The physics of $Z^0/γ^*$-tagged jets at the LHC
R. B. Neufeld, I. Vitev, B. -W. Zhang
TL;DR
The paper develops LO and NLO predictions for $Z^0/\gamma^*$+jet production at the LHC, establishing a high-precision baseline in proton-proton and heavy-ion collisions. It formulates and applies a GLV-based description of medium-induced energy loss for parton showers in a dynamically evolving QGP, linking the in-medium gluon bremsstrahlung spectrum to observable jet suppression and energy redistribution. A key contribution is the first NLO treatment of tagged jets in heavy-ion collisions and the prediction of a sharp transition from suppression to enhancement as a function of the tagged jet $p_T$, reflecting the underlying gluon bremsstrahlung spectrum.
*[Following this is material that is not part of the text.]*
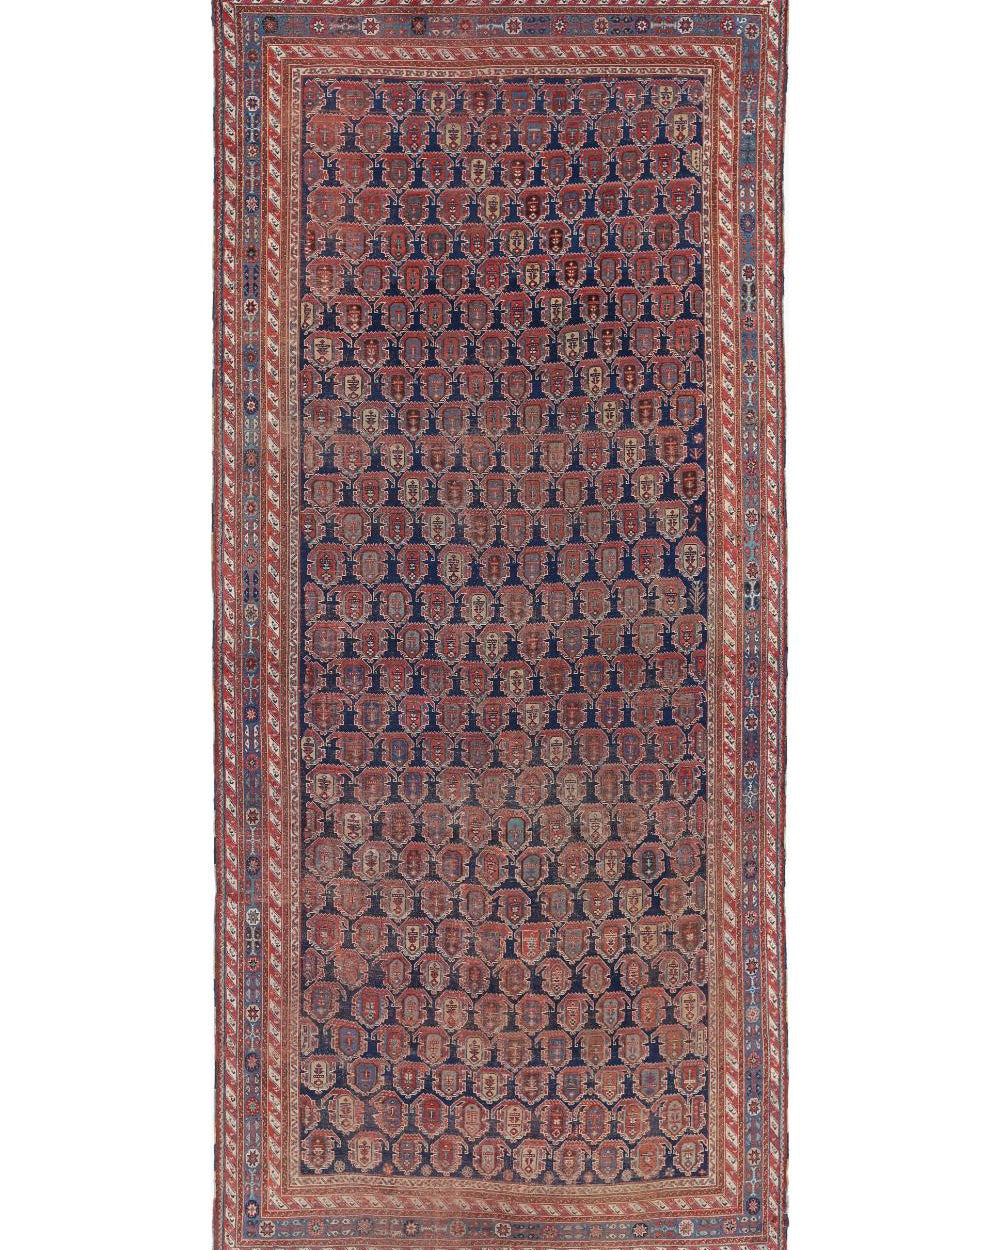 Afshar 6' 3" X 15' 1" Hand-Knotted Wool Rug 6' 3" X 15' 1" (191 X 460) / Blue / Rust

The work lays the groundwork for jet tomography with electroweak-tagged jets and offers concrete predictions for LHC measurements that can constrain QGP properties.
Abstract
Electroweak bosons produced in conjunction with jets in high-energy collider experiments is one of the principle final-state channels that can be used to test the accuracy of perturbative Quantum Chromodynamics calculations and to assess the potential to uncover new physics through comparison between data and theory. In this paper we present results for the $Z^0/γ^*$+jet production cross sections at the LHC at leading and next-to-leading orders. In proton-proton reactions we elucidate up to ${\cal O}(G_Fα_s^2)$ the constraints that jet tagging via the $Z^0/γ^*$ decay dileptons provides on the momentum distribution of jets. In nucleus-nucleus reactions we demonstrate that tagged jets can probe important aspects of the dynamics of quark and gluon propagation in hot and dense nuclear matter and characterize the properties of the medium-induced parton showers in ways not possible with more inclusive measurements. Finally, we present specific predictions for the anticipated suppression of the $Z^0/γ^*$+jet production cross section in the quark-gluon plasma that is expected to be created in central lead-lead collisions at the LHC relative to the naive superposition of independent nucleon-nucleon scatterings.